Word-for-word transcription: reproduce all of the data, but not the pictures.

[[ Recorded data, beginning ]]

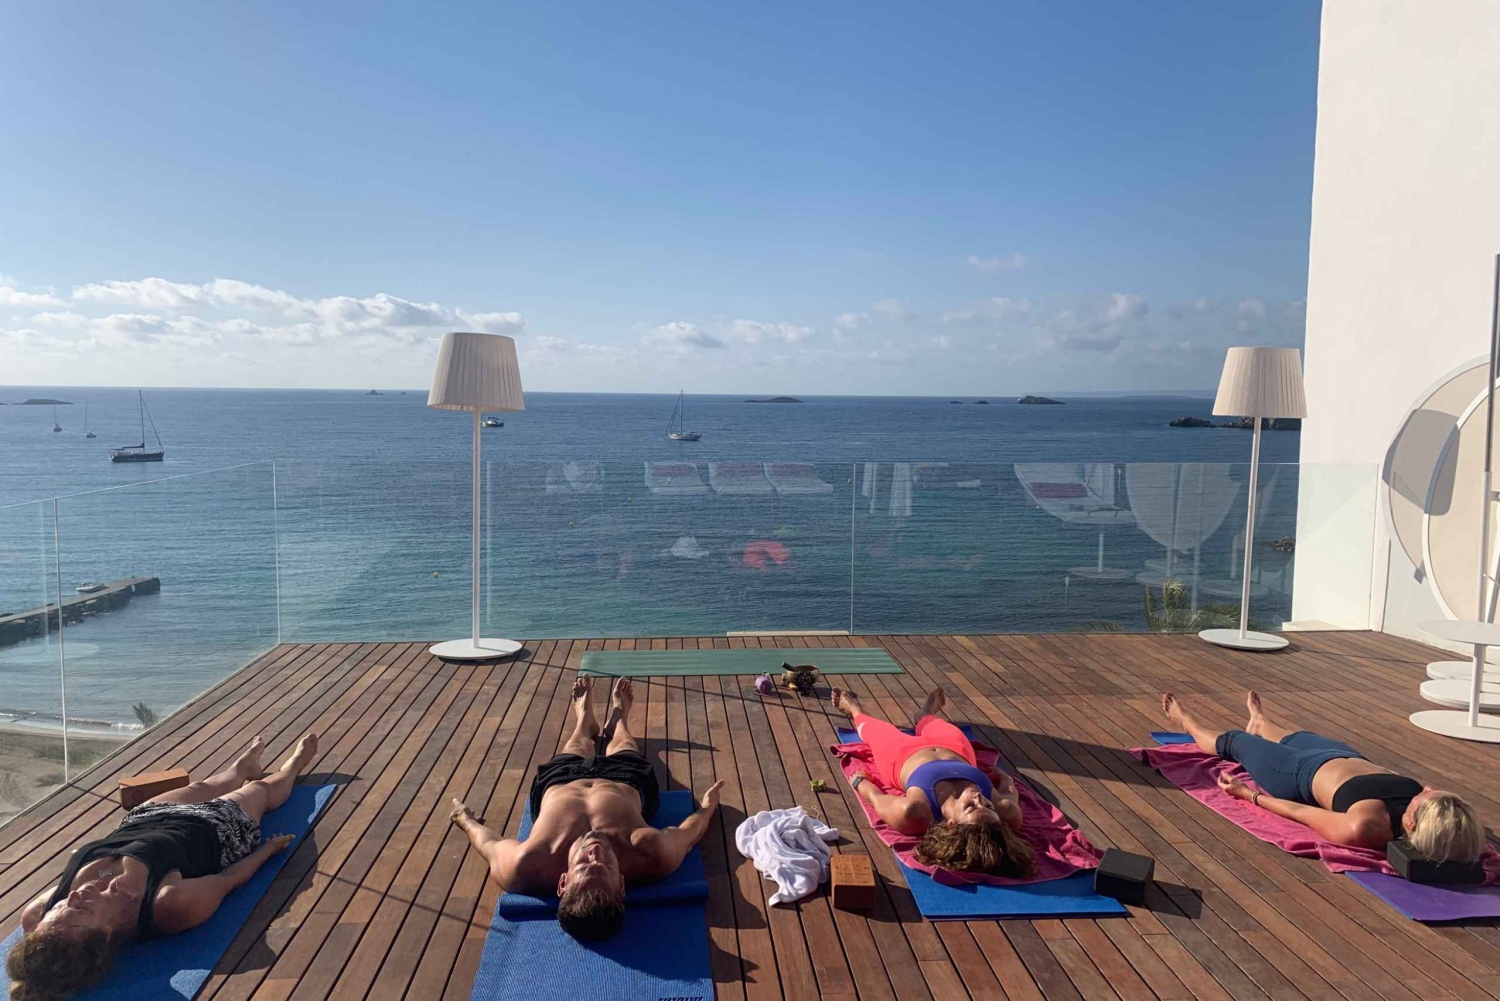 Ibiza: Outdoor Yoga and Breathwork Class with Gear Included
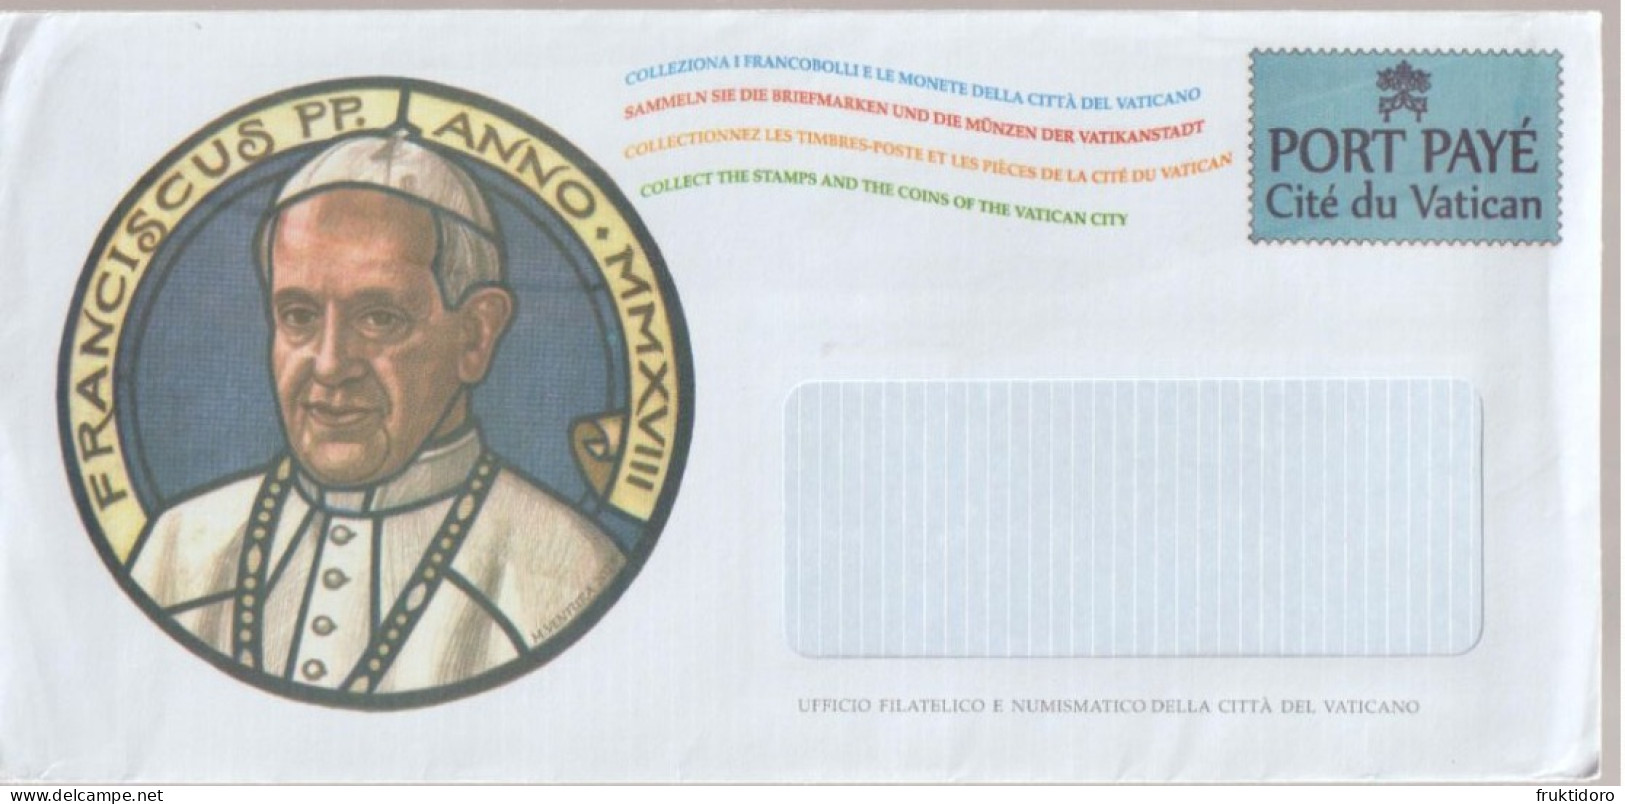 Vatican City - Port Payé - Envelopes With Drawings About Pope Francis I - St Peter's Basilica - Storia Postale
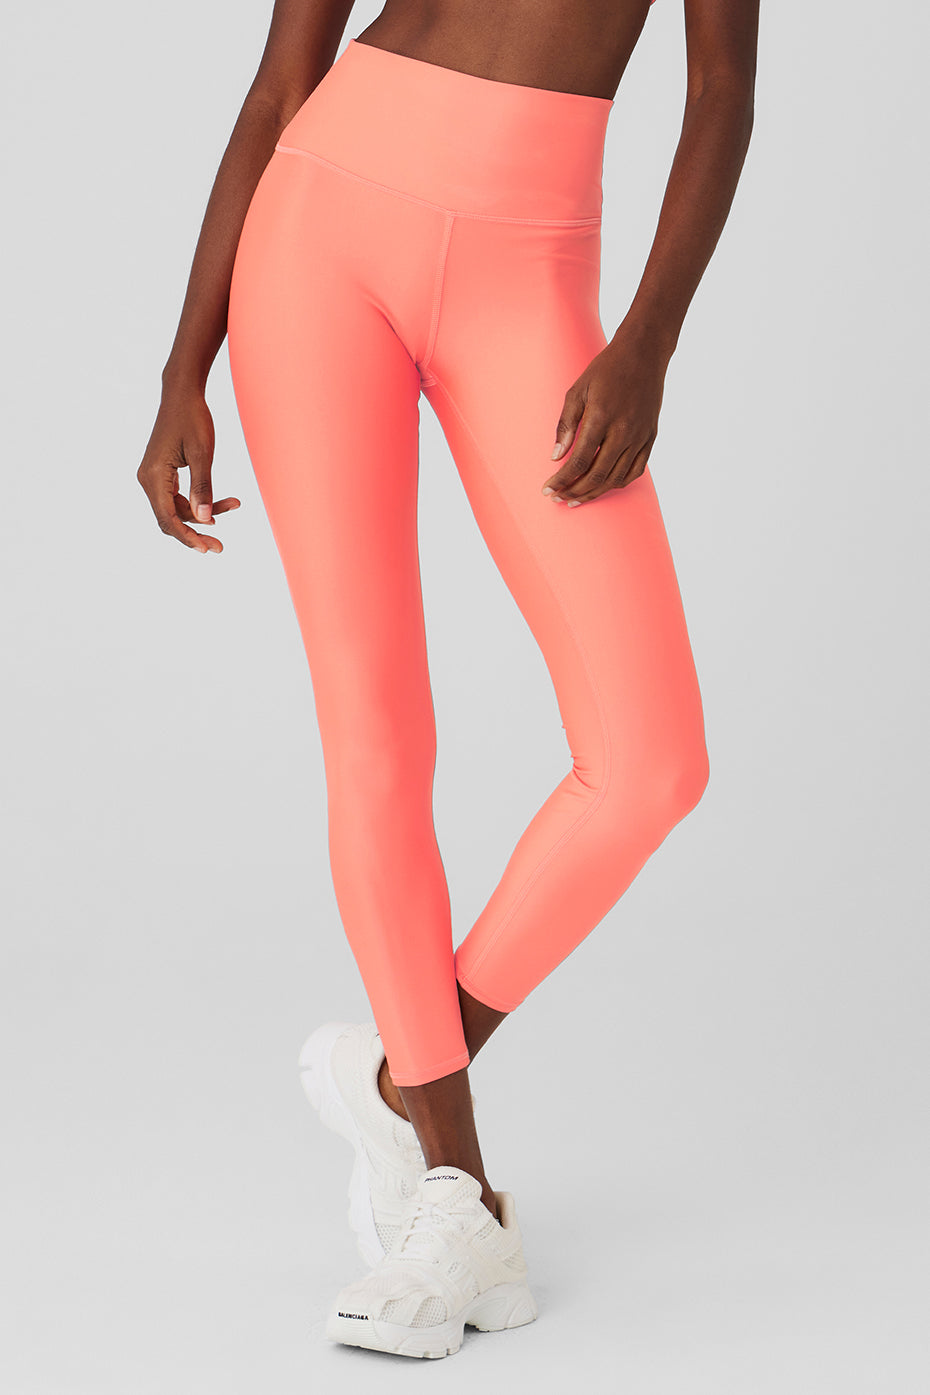 Alo Yoga Goddess Legging Pink Size M - $30 (68% Off Retail) - From

[[ Recorded data, end ]]

### The answer
 Ibiza: Outdoor Yoga and Breathwork Class with Gear Included
 Vatican City - Port Payé - Envelopes With Drawings About Pope Francis I - St Peter's Basilica - Storia Postale
 Alo Yoga Goddess Legging Pink Size M - $30 (68% Off Retail) - From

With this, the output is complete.